CBP Drones not Meeting Expectations–DHS IG

FierceHomelandSecurity is reporting that the Department Inspector General (IG) has found that the U.S. Customs and Border Protection Agency’s eight year effort to use Unmanned Air Systems (UAS) commonly called drones, has failed to live up to expectations and should not be expanded finding that money proposed for expansion of the program “could be put to better use by investing in alternatives such as manned aircraft and ground surveillance.”

“Although CBP anticipated increased apprehensions of illegal border crossers, a reduction in border surveillance costs, and improvement in the U.S. Border Patrol’s efficiency, we found little or no evidence that CBP met those program expectations,” the report said.

The Coast Guard has been cooperating with CBP in evaluating use of land based UAS. According to the IG, CBP has failed to establish evaluation criteria, the drones are flying only 22% of anticipated flight hours, the cost per flight hour has been significantly underestimated, and the program has not demonstrated any improvement in capability.

5 thoughts on “CBP Drones not Meeting Expectations–DHS IG

  1. Pretty surprising to hear that an investment in manned aircraft is preferred over that of unmanned aircraft…kind of contrary to popular belief, you’d think the drones would be better at this kind of thing…although I never was a fan of the drones anyway.

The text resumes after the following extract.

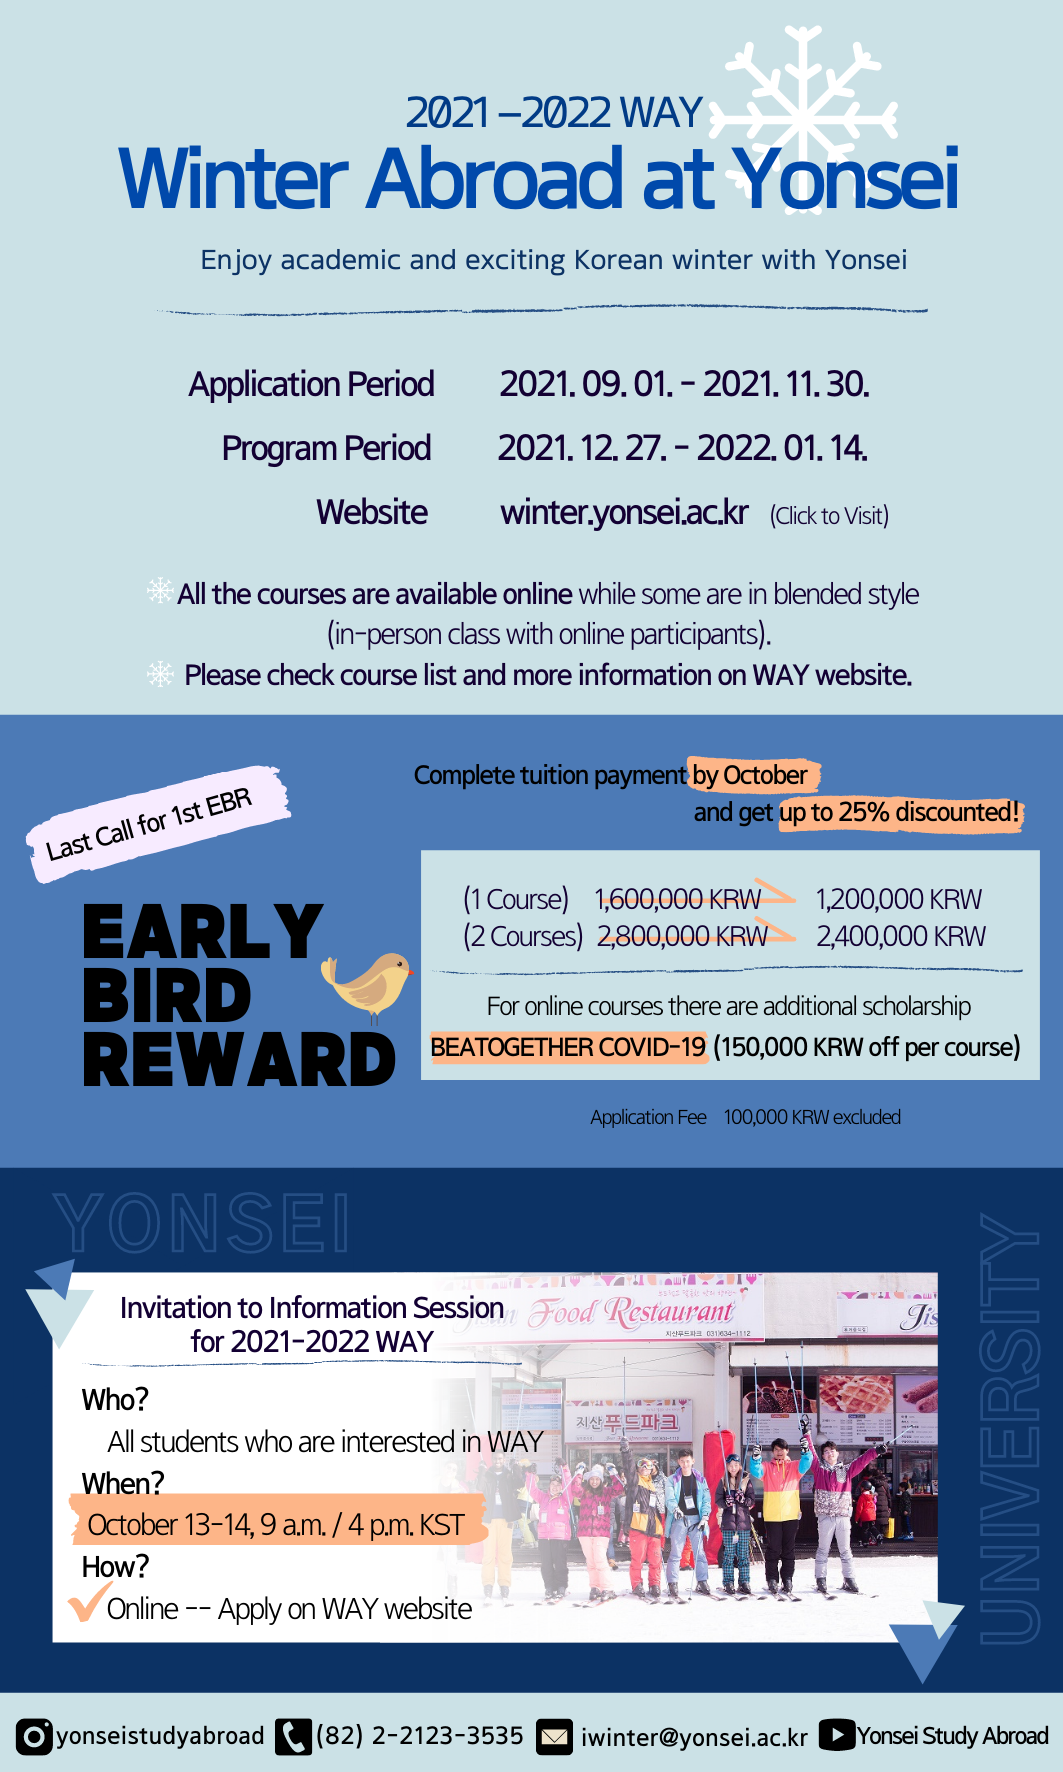 [Yonsei University] 2021-2022 Winter Abroad at Yonsei (1st Early bird by October)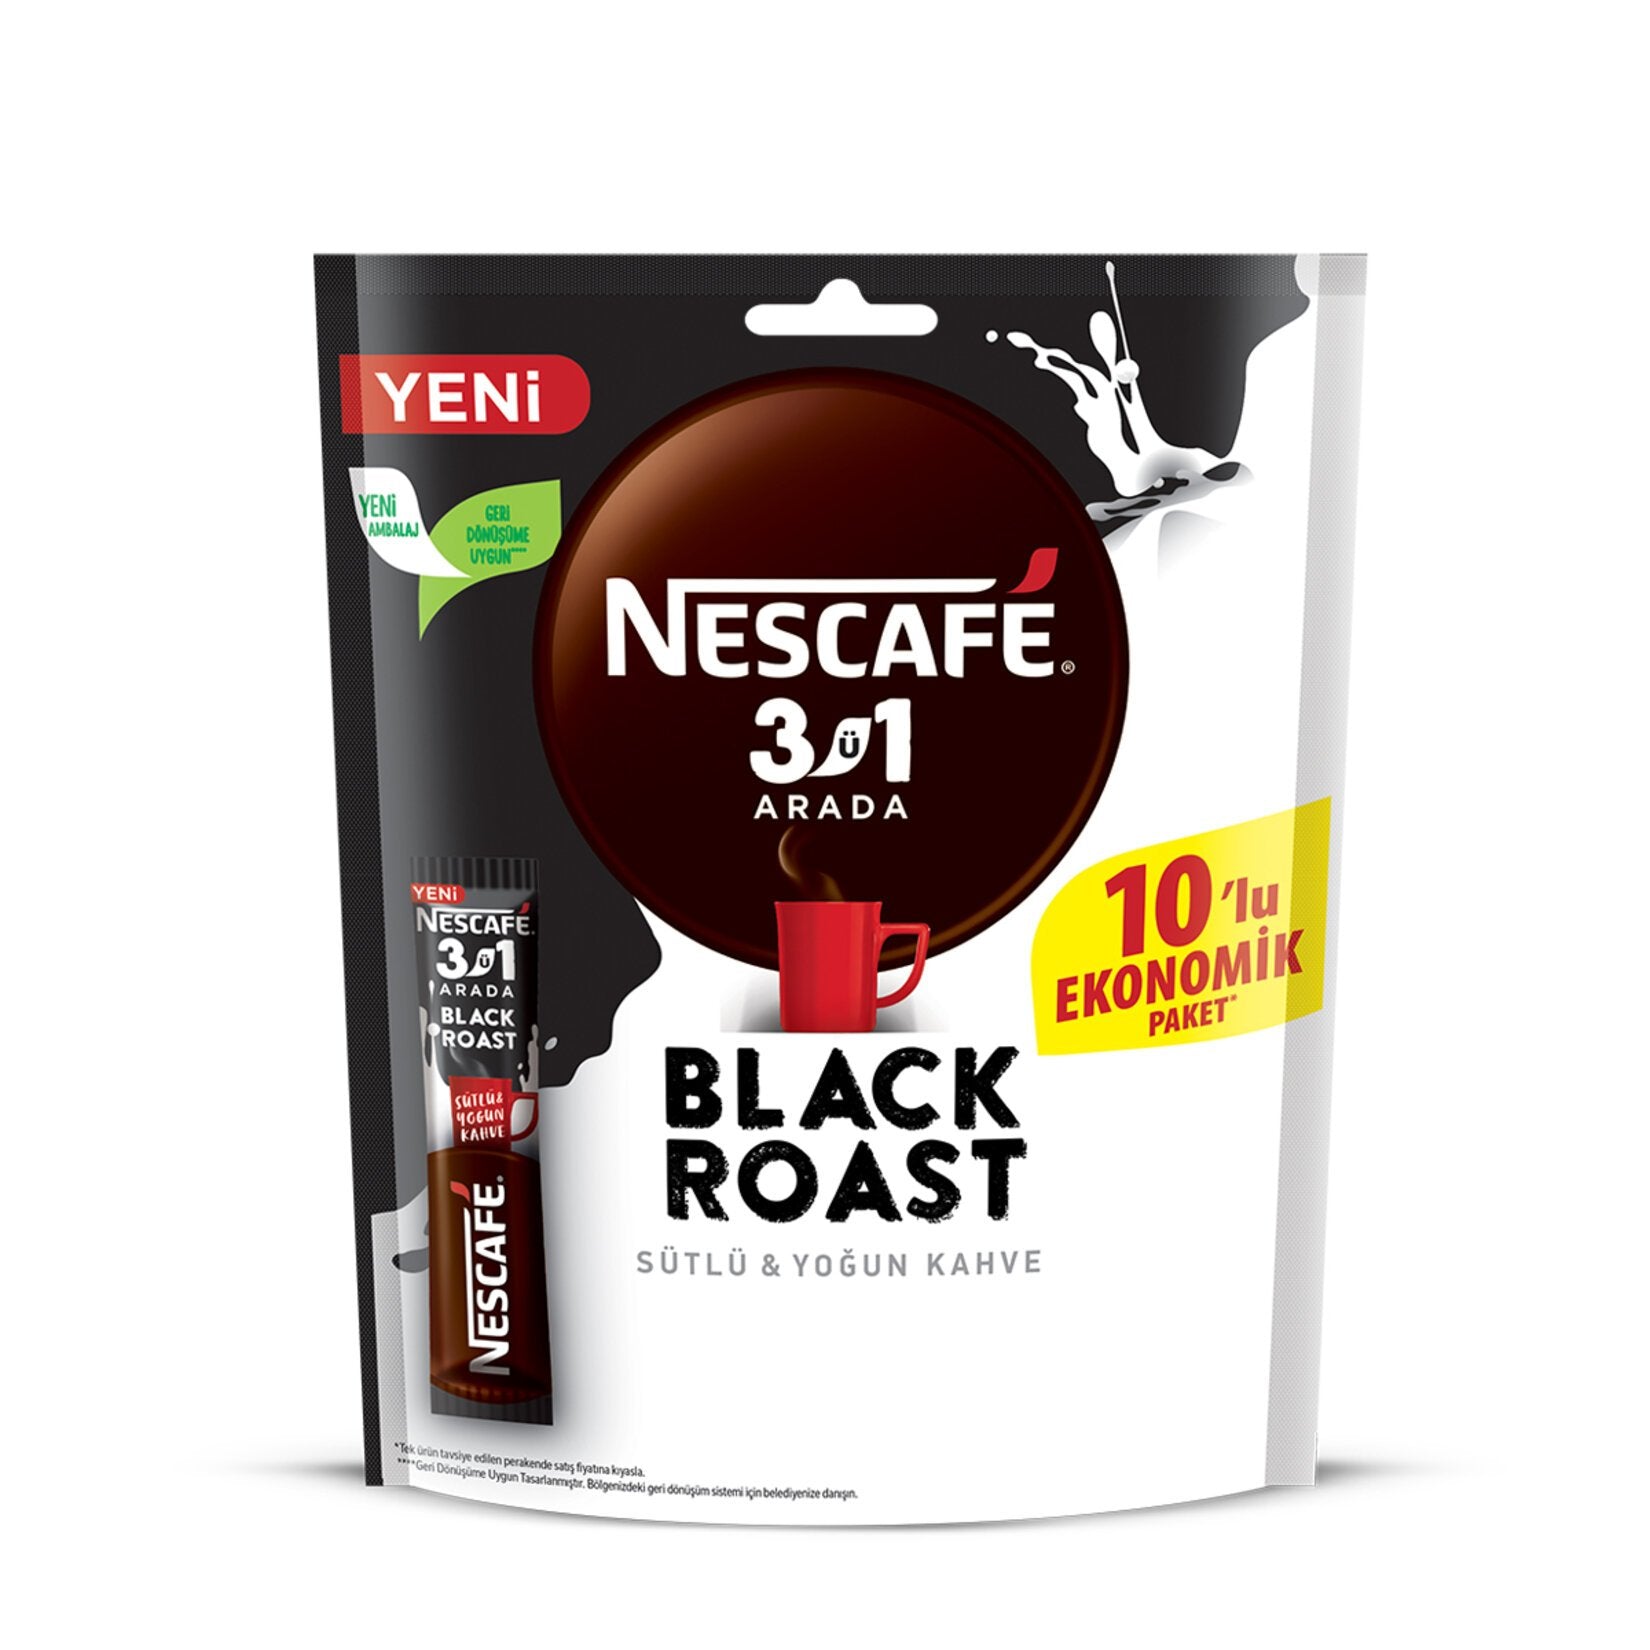 Nescafe 3 in 1 Black Roast 15 G * Pack of 10 SF Traders

    • The CBP fixed wing fleet does include some aircraft that are much cheaper to operate than those in the CG fleet such as the C-12. https://chuckhillscgblog.net/2013/03/24/uavmaritime-patrol-aircraft-alternative/
      UAVs have tended to crash more frequently than manned aircraft, and until the “sense and avoid” issues have been resolved their operations in US airspace will be limited.
      It appears operations over ocean areas are less restricted, but right now no one wants to see a headline about a family of four on vacation in their Cessna being wiped out in a mid-air with a USCG drone.

      • Why doesn’t the Coast Guard have any of those? They would seem like a good value for USCG. It looks like all the other branches of the military operate some variant of the C-12, so the logistics shouldn’t be too hard to come by or too expensive. Training should be manageable too for the same reason.